EXERCISE OBJECTIVE: When writing out the entries below, keep only the lines from the line with "Large Picture of" to the line with "Autoart MERCEDES-BENZ CLK-DTM", both included, exactly as they are, and leave the pictures aside.

DATA SUPPLIED:
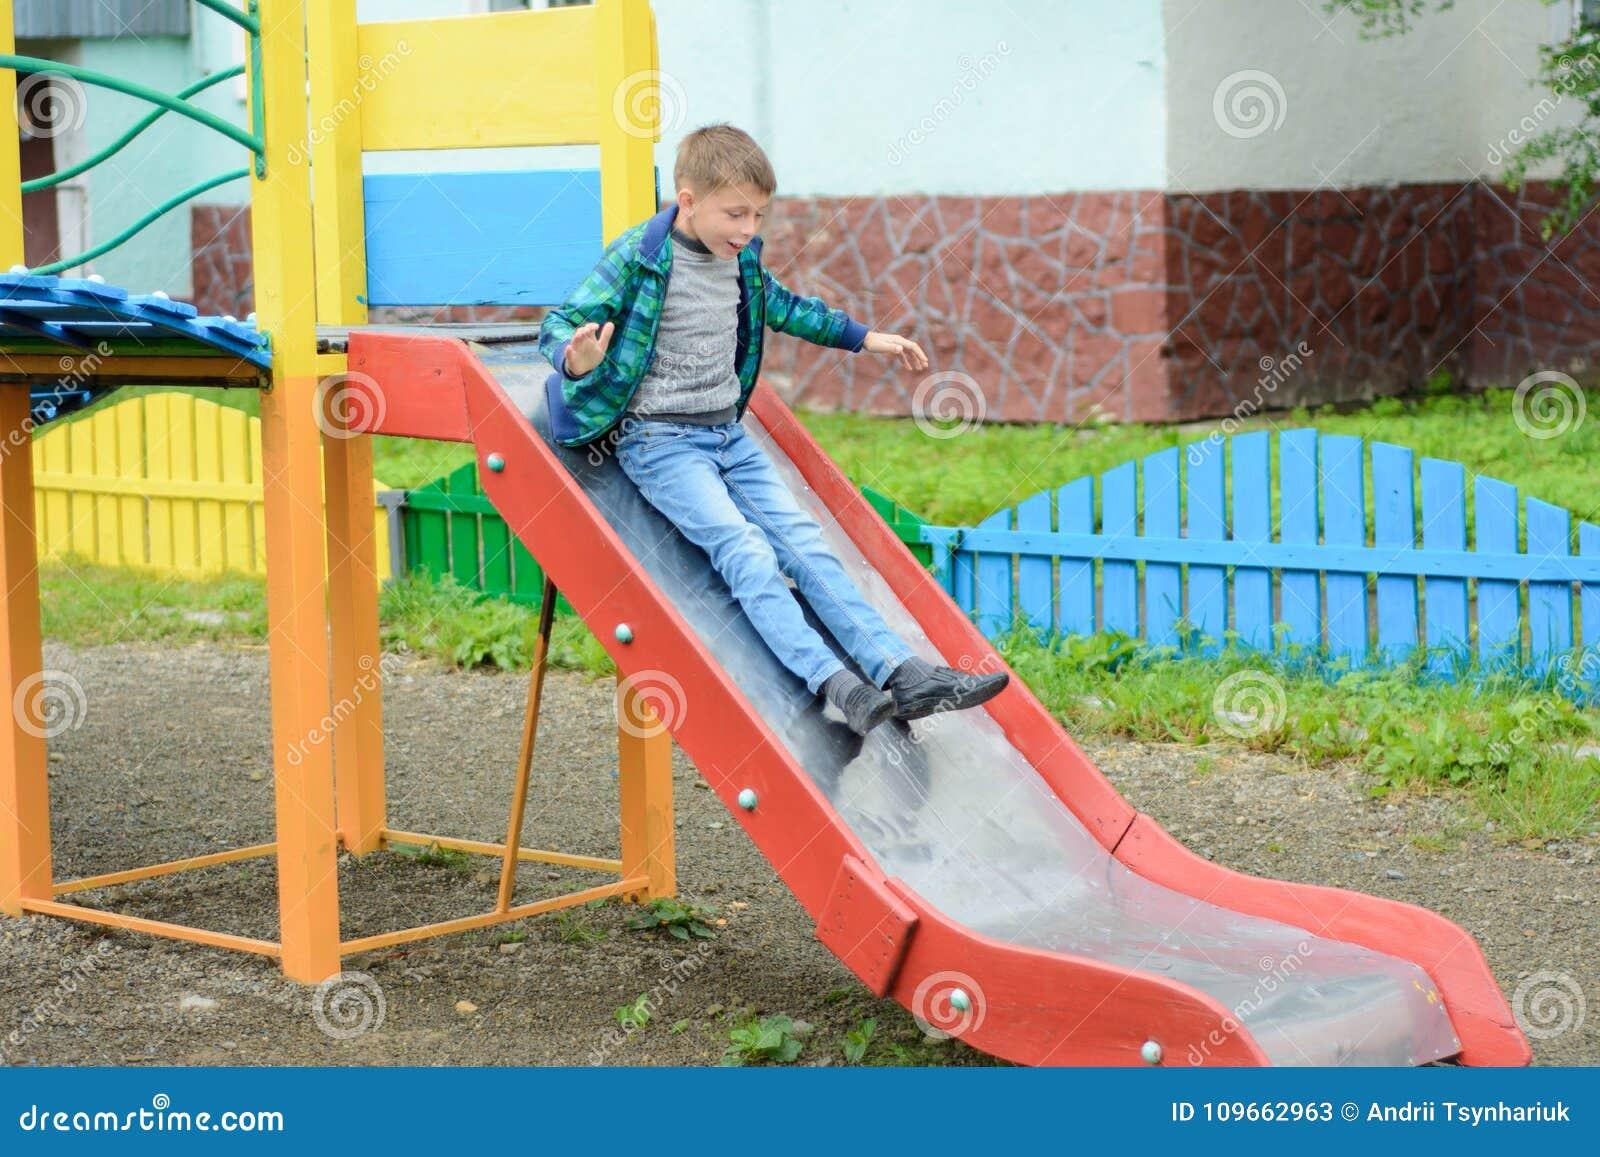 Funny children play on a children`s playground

...

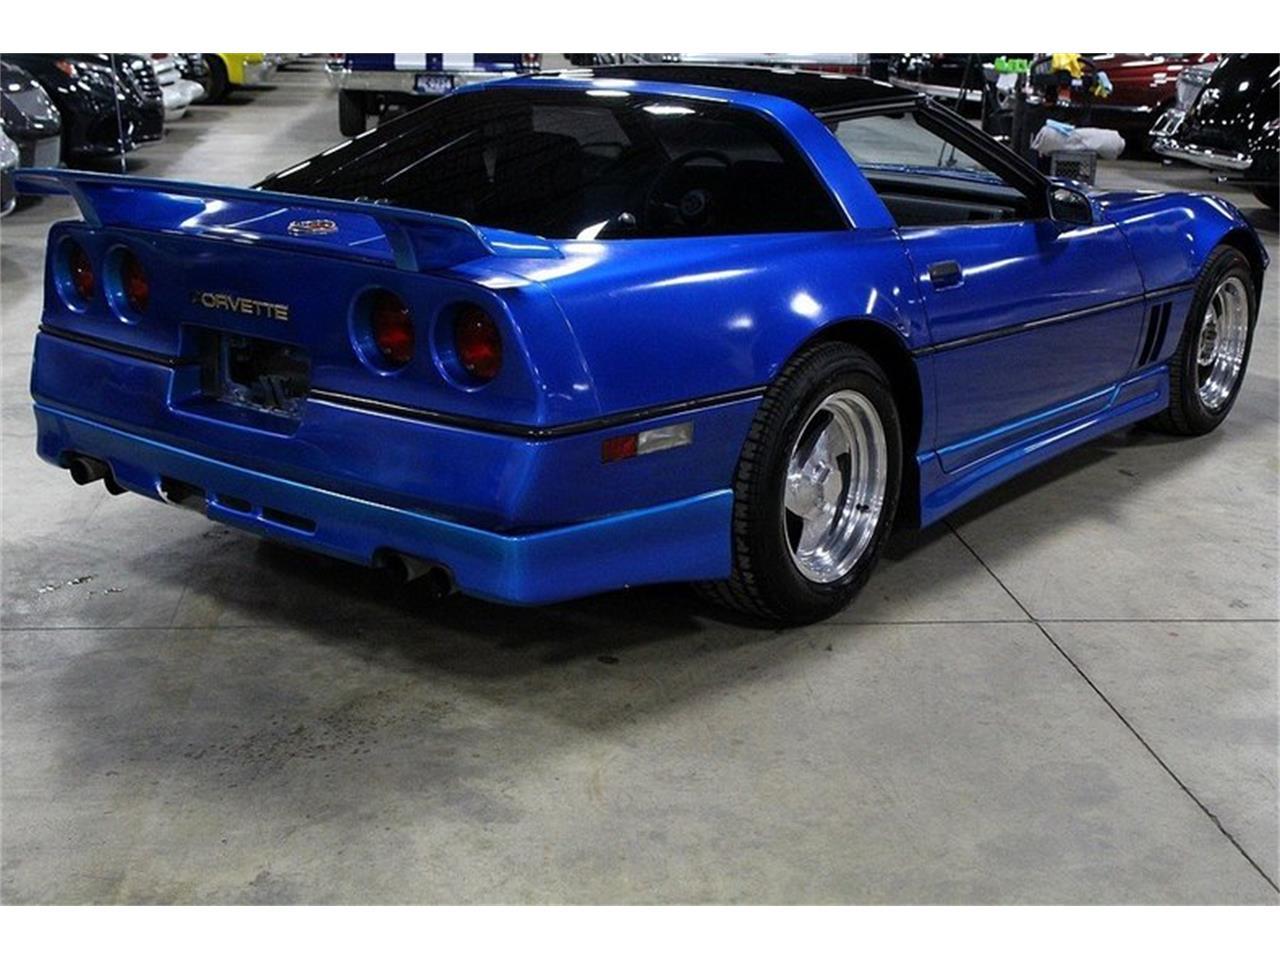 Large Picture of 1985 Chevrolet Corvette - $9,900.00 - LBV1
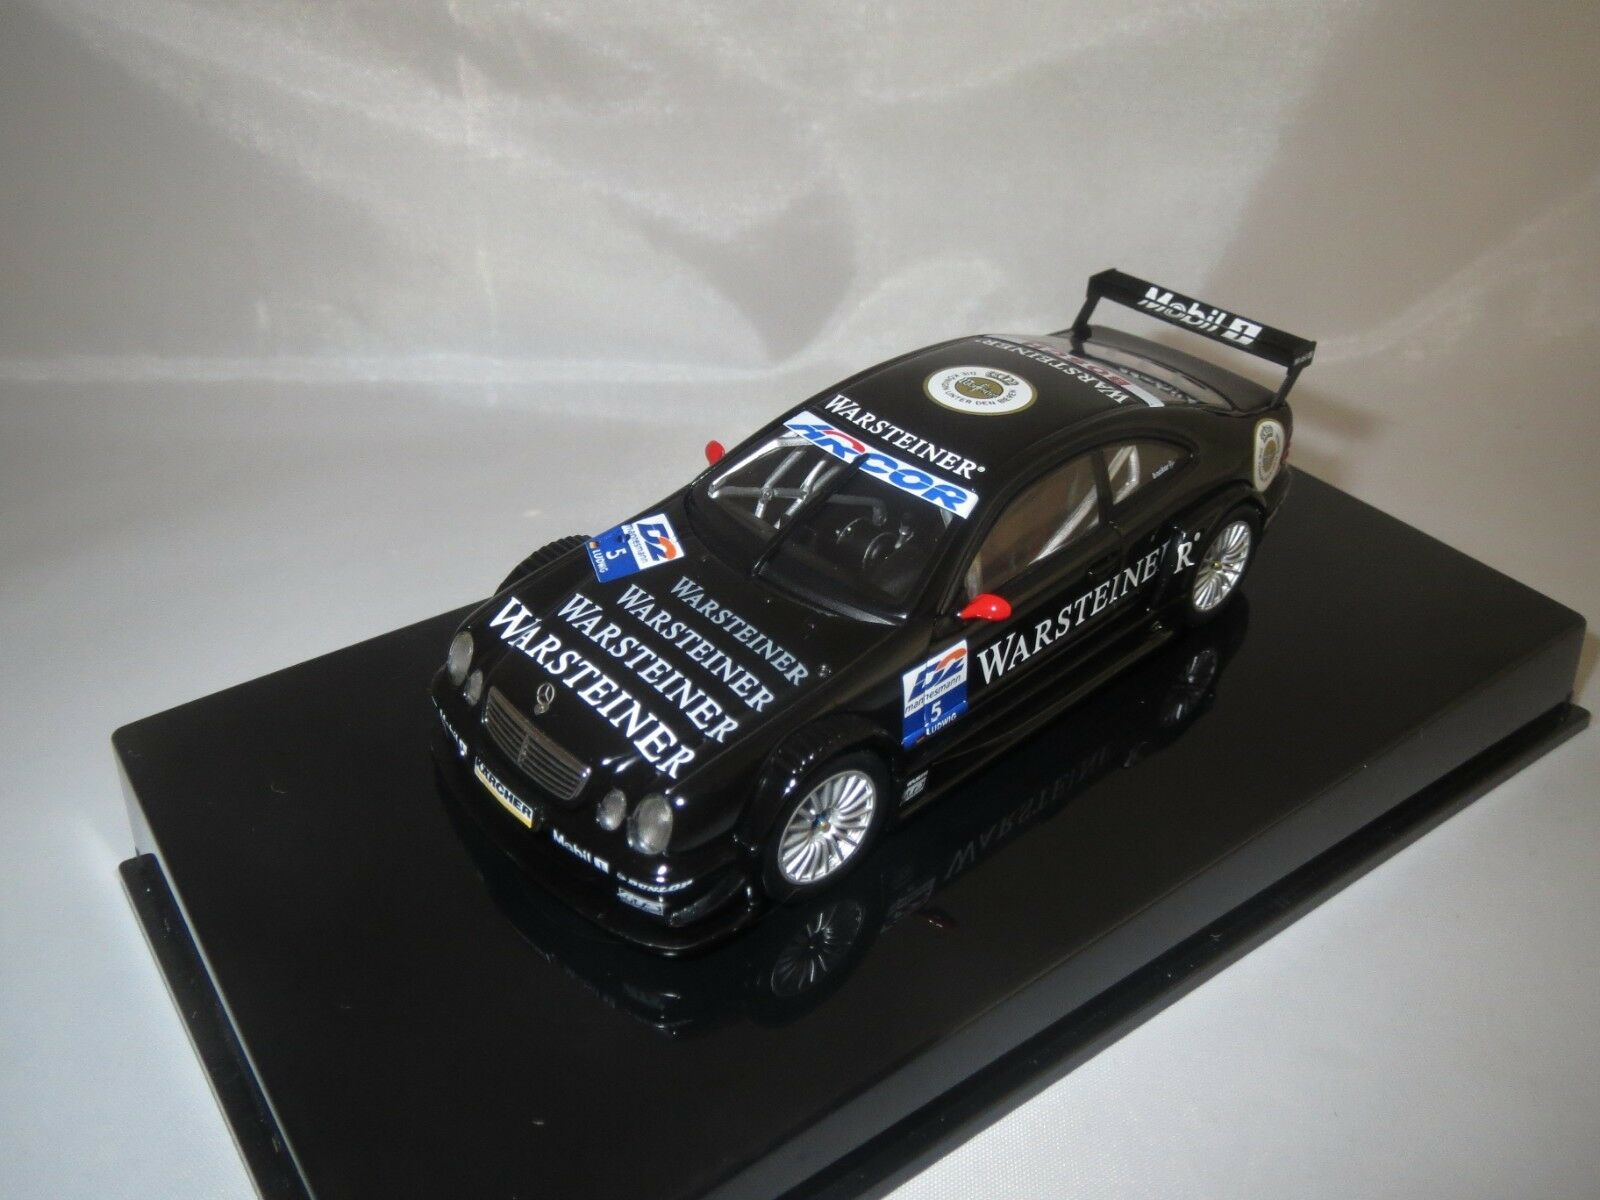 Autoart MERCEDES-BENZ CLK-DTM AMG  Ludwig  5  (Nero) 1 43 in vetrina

TASK RESULT:
 Large Picture of 1985 Chevrolet Corvette - $9,900.00 - LBV1
 Autoart MERCEDES-BENZ CLK-DTM AMG  Ludwig  5  (Nero) 1 43 in vetrina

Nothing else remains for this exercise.